§ REQUIREMENT
The entries below contain pictures. Write out only the lines from the line with "A smoked steak on a smoker." up to and including the line with "Ancient Bronze Buddha", exactly, without them.
STUDY MATERIAL Start Marker
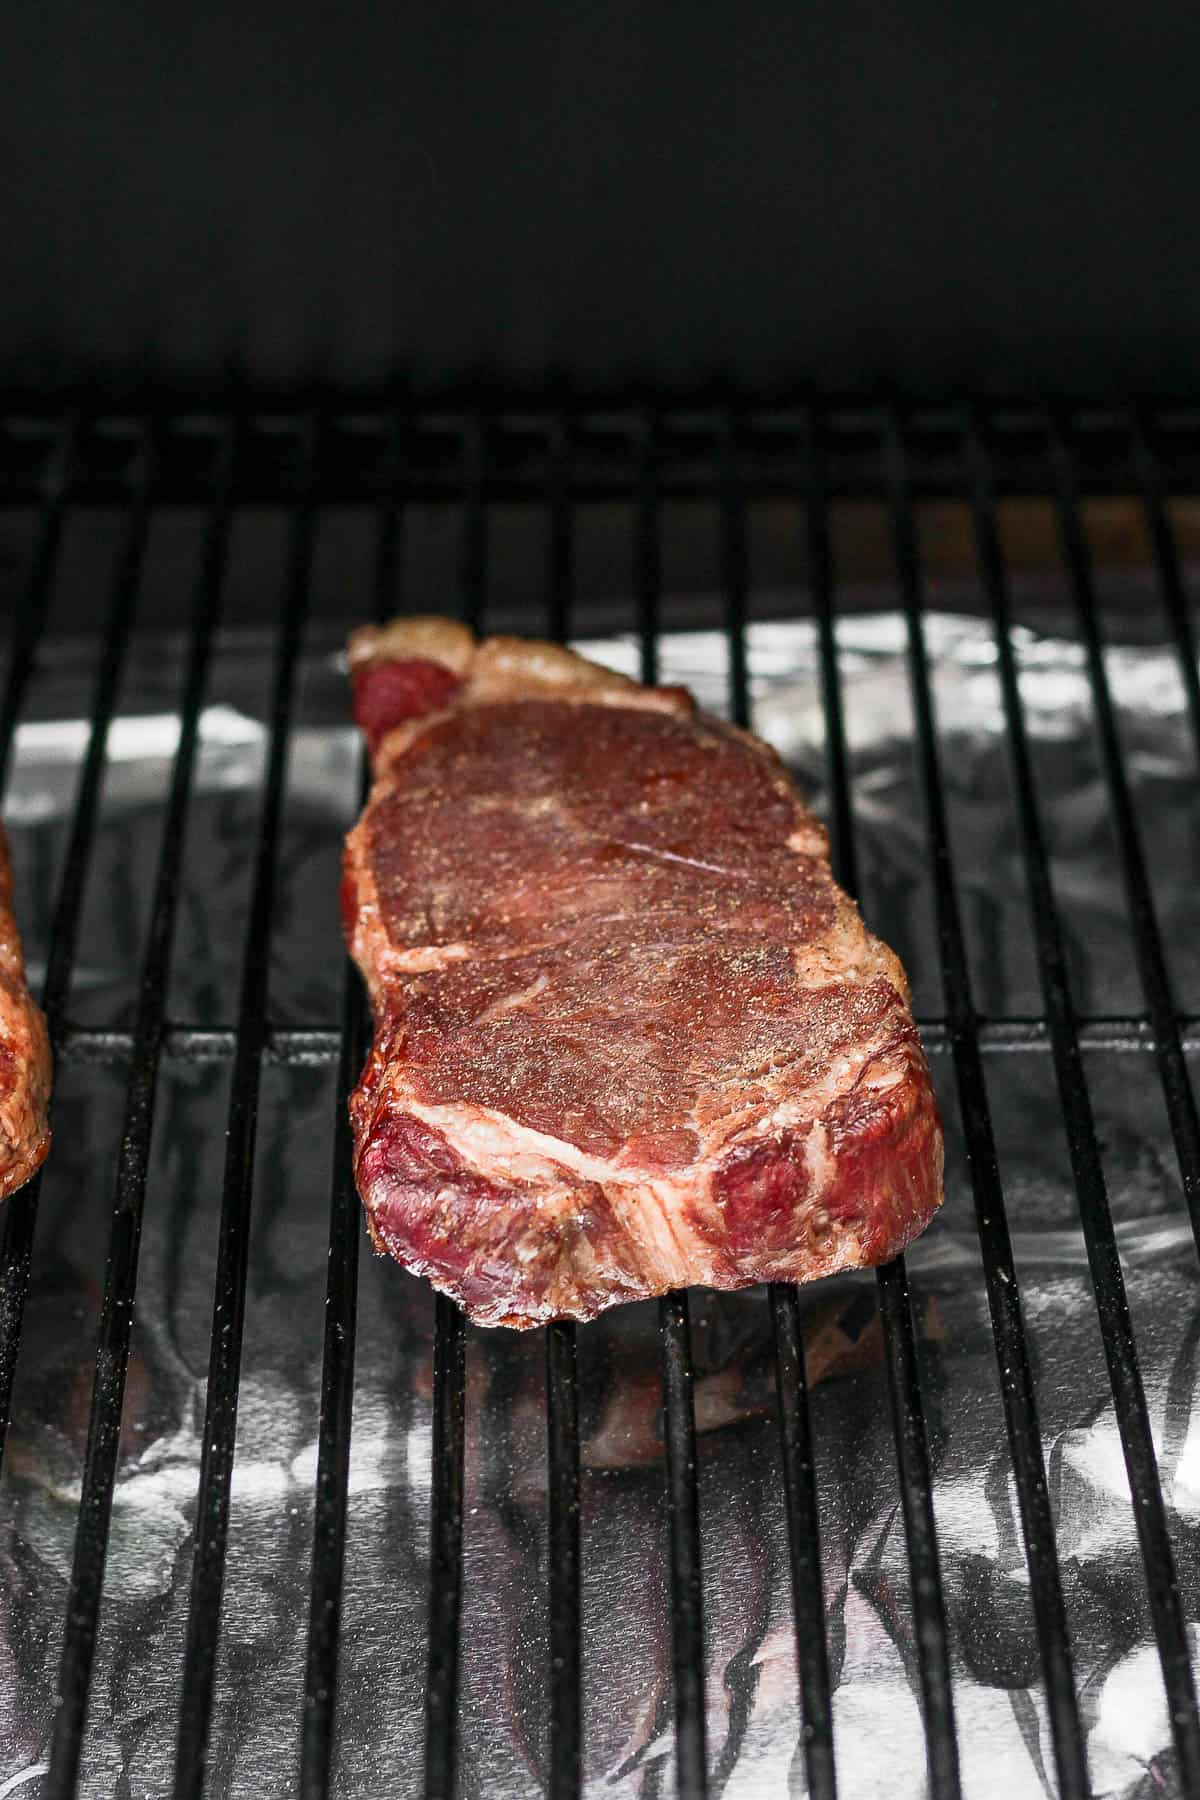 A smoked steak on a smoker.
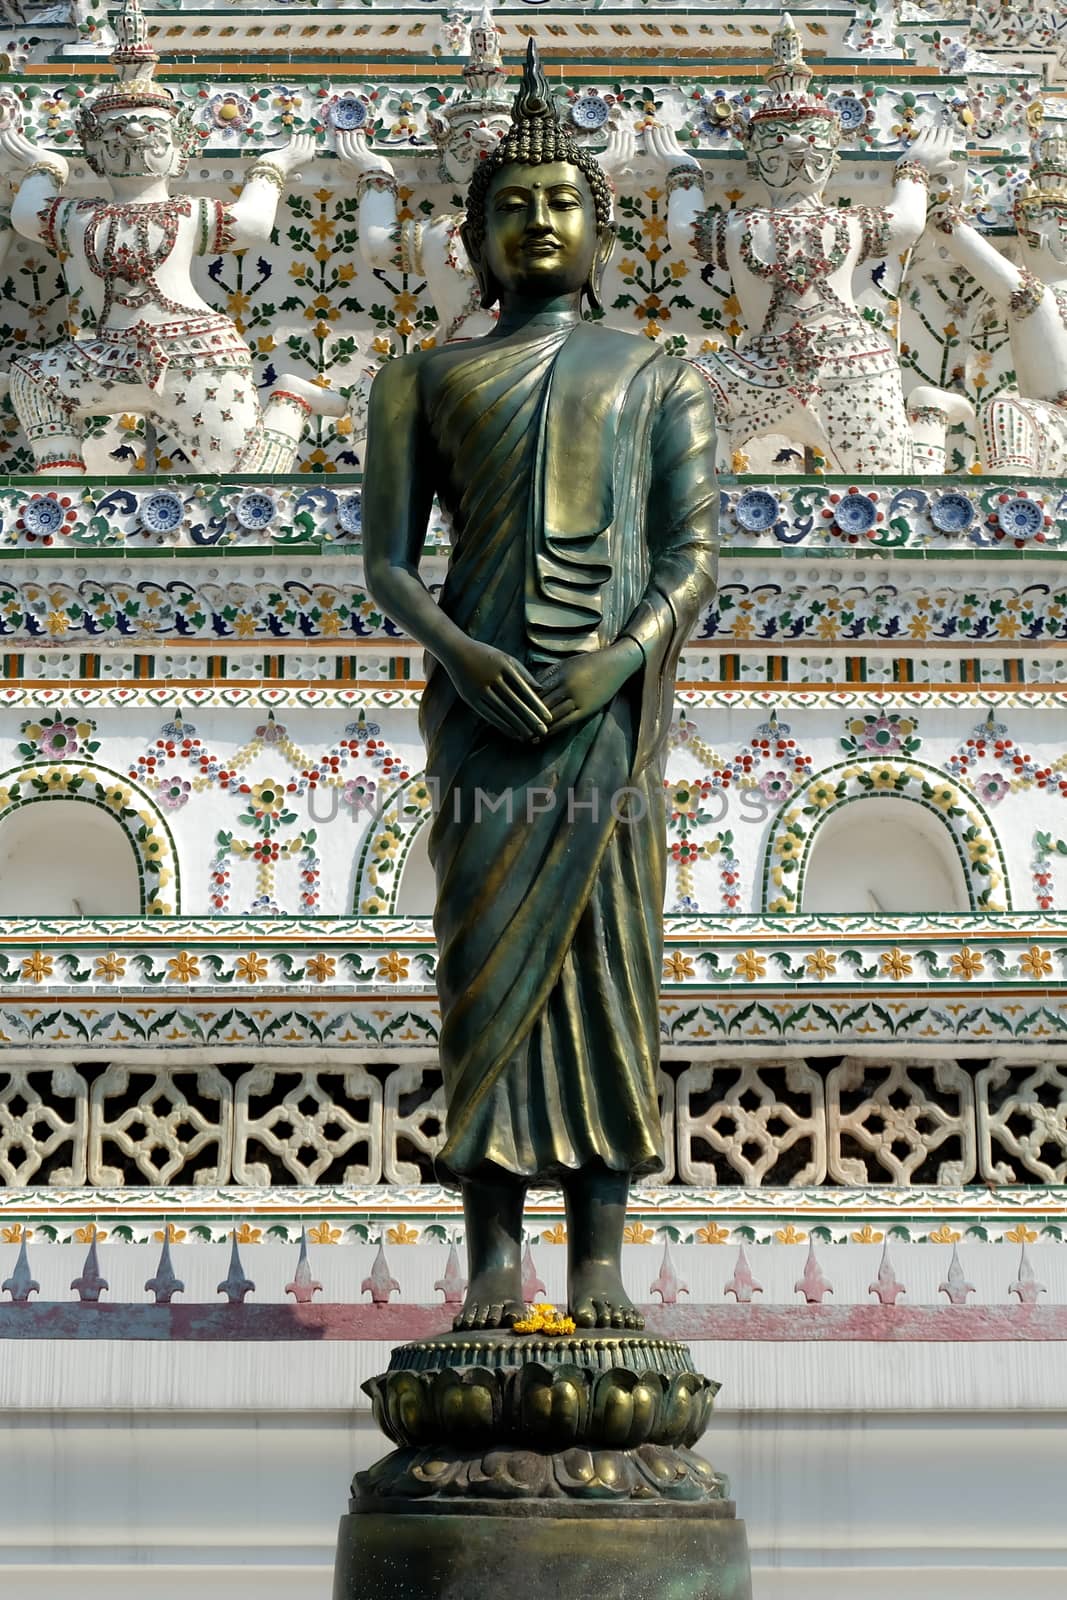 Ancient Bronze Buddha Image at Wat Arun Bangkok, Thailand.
STUDY MATERIAL End Marker
STUDY MATERIAL Start Marker
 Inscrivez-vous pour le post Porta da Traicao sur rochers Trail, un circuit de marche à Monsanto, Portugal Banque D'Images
STUDY MATERIAL End Marker
STUDY MATERIAL Start Marker
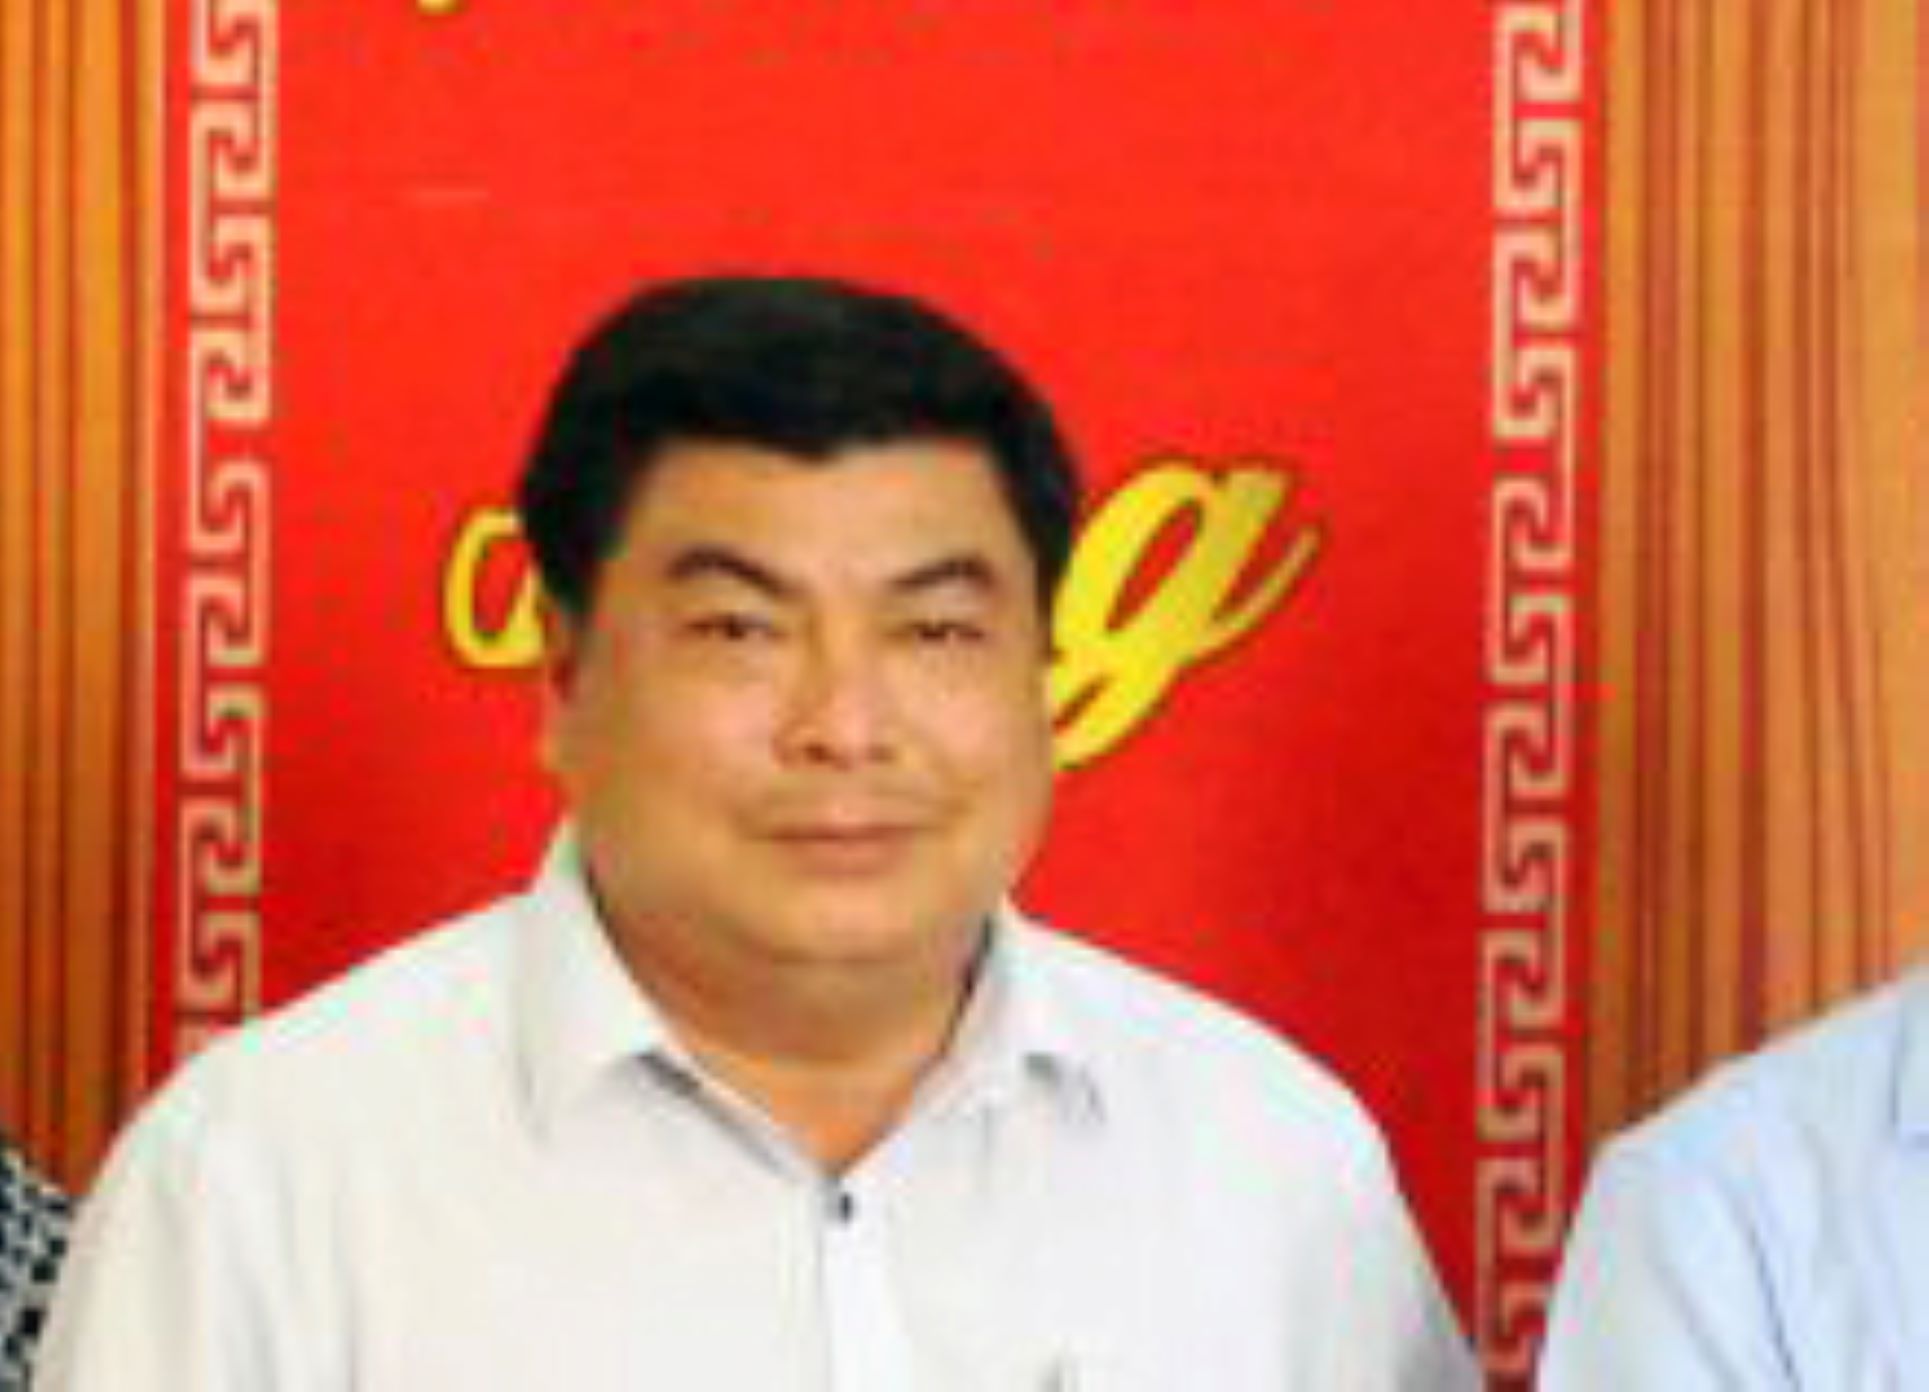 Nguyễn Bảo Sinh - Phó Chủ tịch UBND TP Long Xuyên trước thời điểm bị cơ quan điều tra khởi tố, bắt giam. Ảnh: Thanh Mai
STUDY MATERIAL End Marker
§ RESULT FOR THIS EXERCISE
 A smoked steak on a smoker.
 Ancient Bronze Buddha Image at Wat Arun Bangkok, Thailand.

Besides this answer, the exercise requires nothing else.